The Cardiodiet Trial

Medelhavskost
Mediterranean food with low carbohydrate levels.

Is a Mediterranean diet with reduced carbohydrate content a better choice than traditional low-fat diet for patients with coronary heart disease?

After treatment at the coronary care unit (CCU) for ischemic heart disease (angina pectoris with or without myocardial infarction, IHD) patients are usually helped at a specialized cardiovascular rehabilitation unit which includes specialized nurses, physical therapists and dieticians. A great majority of patients treated at CCU have either pre-diabetes or frank diabetes in Sweden.

There are no modern studies on the best dietary advices in IHD to be given in combination with current advanced standard medication and other invasive treatments of this severe condition. The 10 year long LOOK-Ahead trial of patients with type 2 diabetes could not show any reduction of CVD by the combination of increased physical activity and weight reduction based on a low-fat diet (LFD) in a randomized setting in 5145 patients with type 2 diabetes.

On the other hand, a study of patients at high risk for CVD showed lowered incidence of CVD with a Mediterranean type of diet when this was compared to traditional LFD, in a setting without aim to lose weight. The Mediterranean diet also halved the risk to develop diabetes in a subset of patients that were diabetes-free at baseline, compared with LFD.

We have published three papers from a randomized study of patients with type 2 diabetes in which a low carbohydrate diet, 20 energy % (E%) from carbohydrates was compared with a traditional low-fat diet (55-60E% from carbohydrates) for two years with the goal to achieve weight reduction. Both diets reduced body weight similarly (-4kg) after 6 months but only the low-carbohydrate diet (LCD) reduced HbA1c and concomitantly allowed a 29% reduction of insulin doses. We have also published increased quality of life (QOL) and diminished low-grade inflammation in the LCD group compared with LFD.
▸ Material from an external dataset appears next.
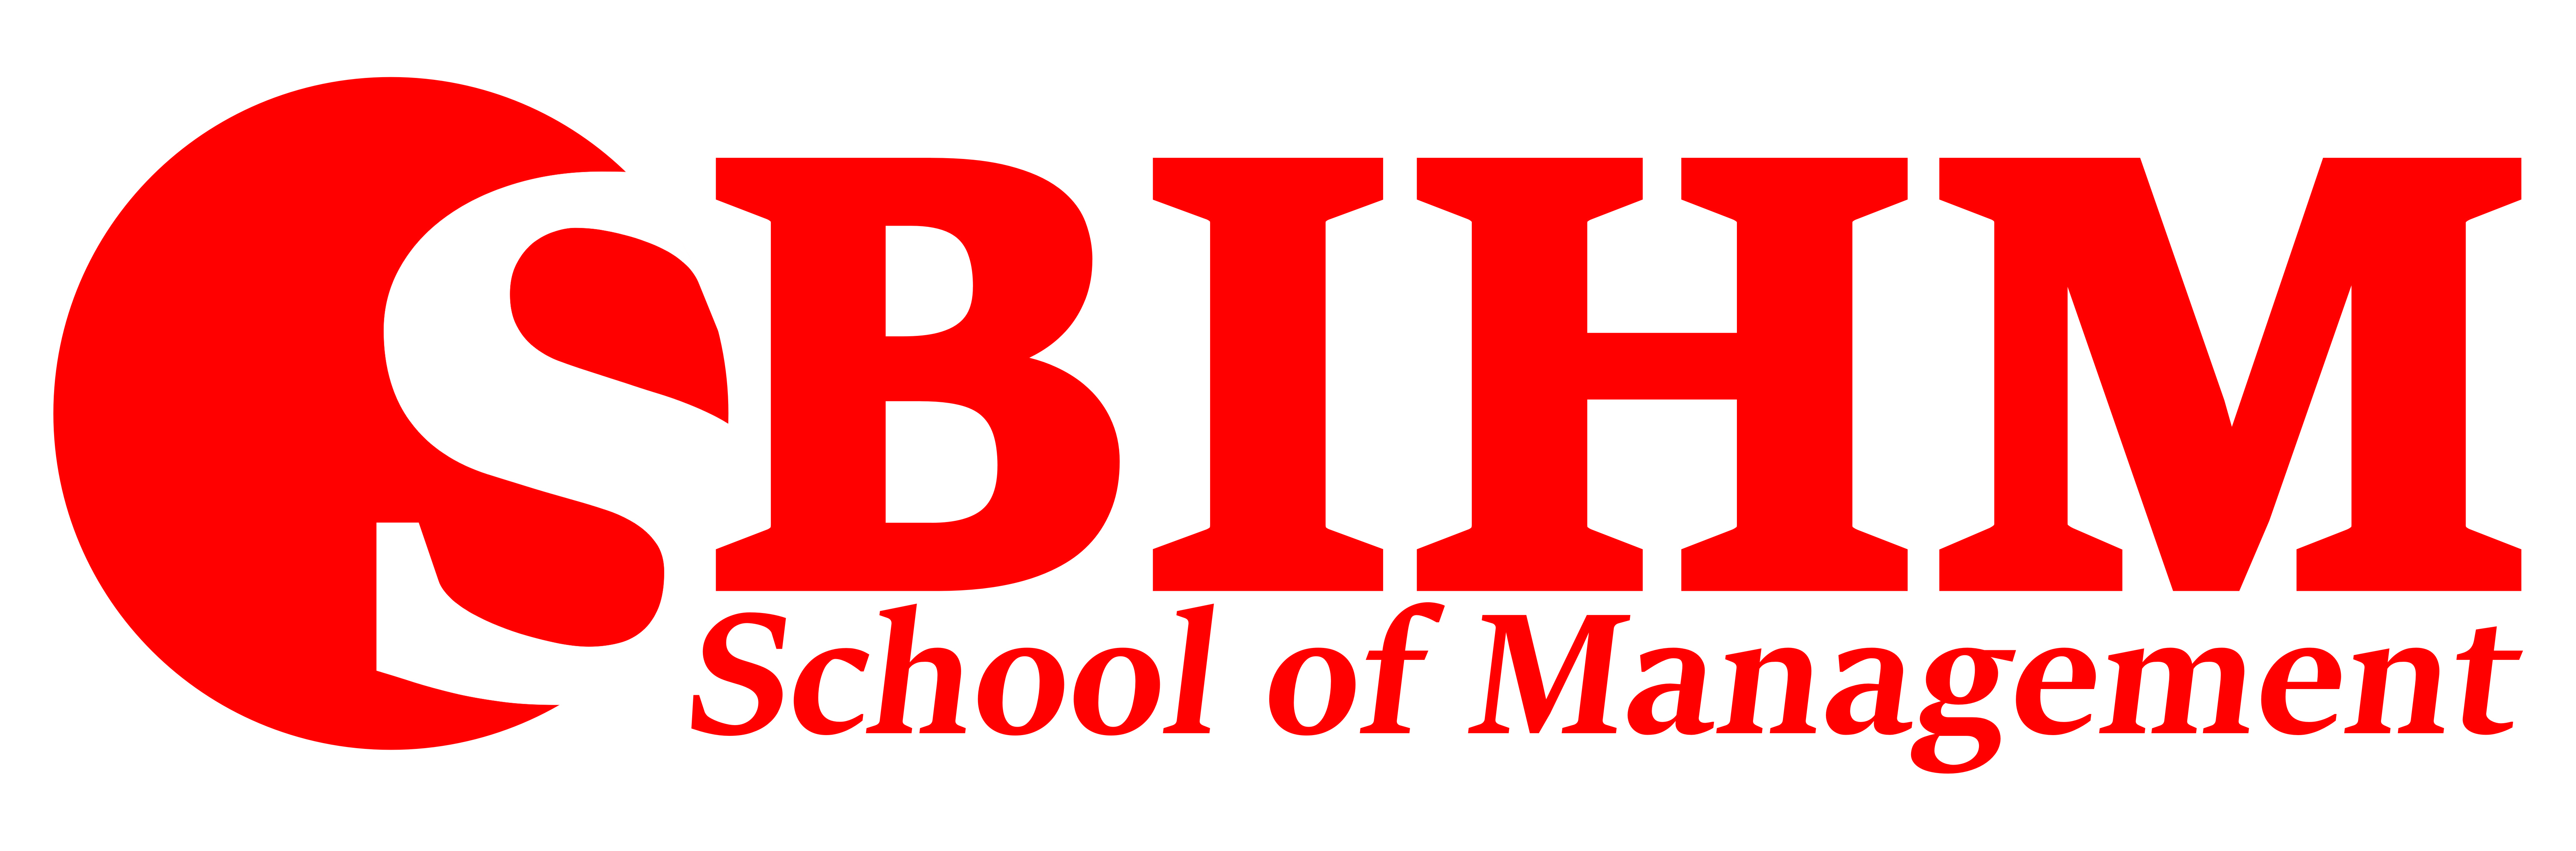 Best management institutes in Kolkata – SBIHMIT

Comparison between a Mediterranean diet and traditional Low Fat Diet

Kostråd Medelhavskost - häftenPhoto credit: Emma Busk Winquist

We aim to compare a diet which is a combination of the LCD we have already tested and the Mediterranean diet described above with a traditional LFD. The new test-diet should have an energy % from carbohydrates between 25-30% and participants should be encouraged to consume olive oil, nuts and legumes.
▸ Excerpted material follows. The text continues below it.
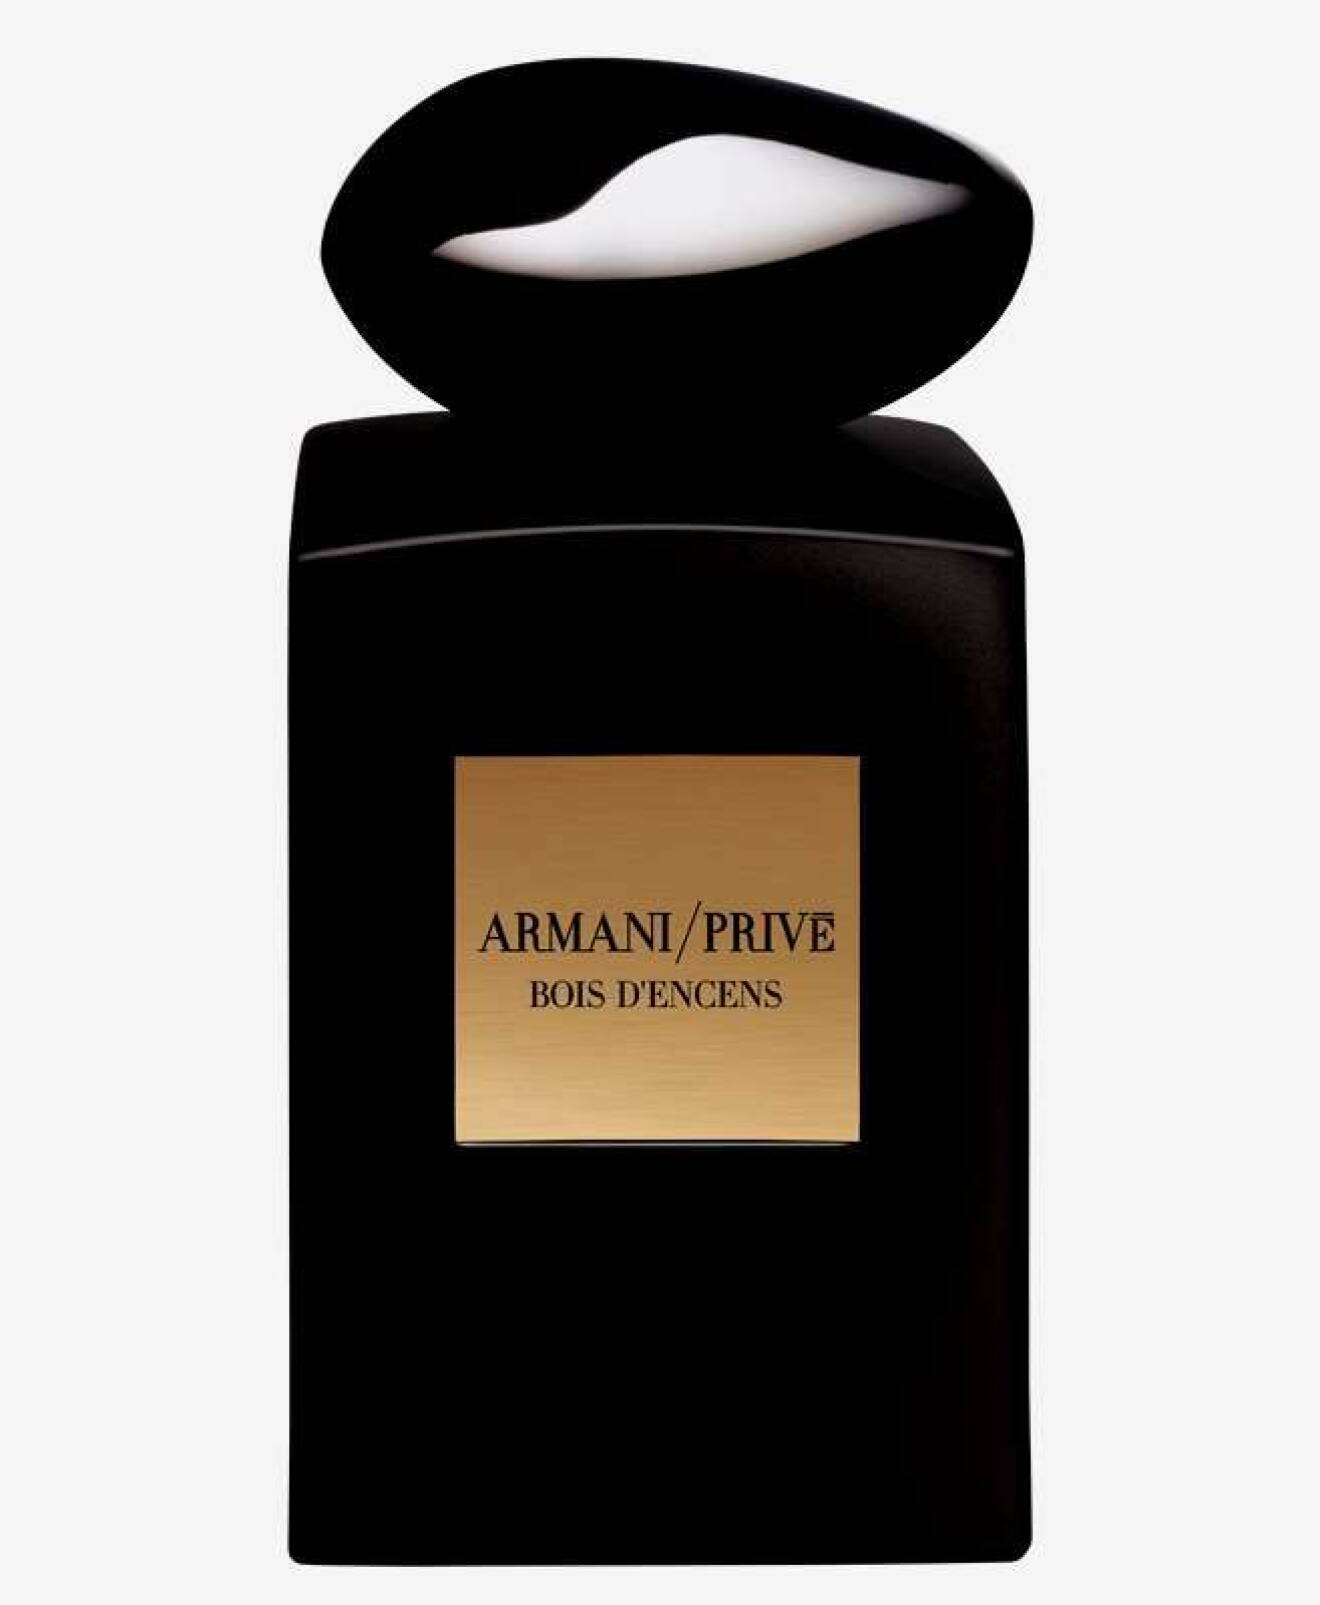 Giorgio Armani Privé parfym Bois d'encens

The controls will be informed to eat LFD with 55-60 E% from carbohydrates with emphasis on potatoes, grain or rice combined with choosing low-fat dairy products. There is no general aim to reduce weight in either group.

As in our study of type 2 diabetes, above, dieticians will provide patients with folders containing suitable recipes and an easily accessible central dietician will also be ready to answer questions and queries for both groups. Every 3 months participants will be encouraged to attend group meetings, as in our previous study.

Outcome

The outcome will be diabetes incidence and/or glycaemic control by HbA1c. Secondary outcomes are QOL (questionnaires) and CVD incidence. Food patterns (compliance) will also be assessed by questionnaires and all variables will be assessed yearly. The study setting is primarily Linköping, Norrköping and Jönköping. Assuming a 50% participation-rate we will recruit ca 400 participants/year, i.e. 1200 in 3 years. The study has 90% power to detect a hazard ratio 0.75 of either diabetes incidence or lowered CVD recurrence of the Mediterranean diet. It makes a large difference for the patient to develop diabetes, or not, and in patients with prevalent diabetes it is crucial to achieve target HbA1c.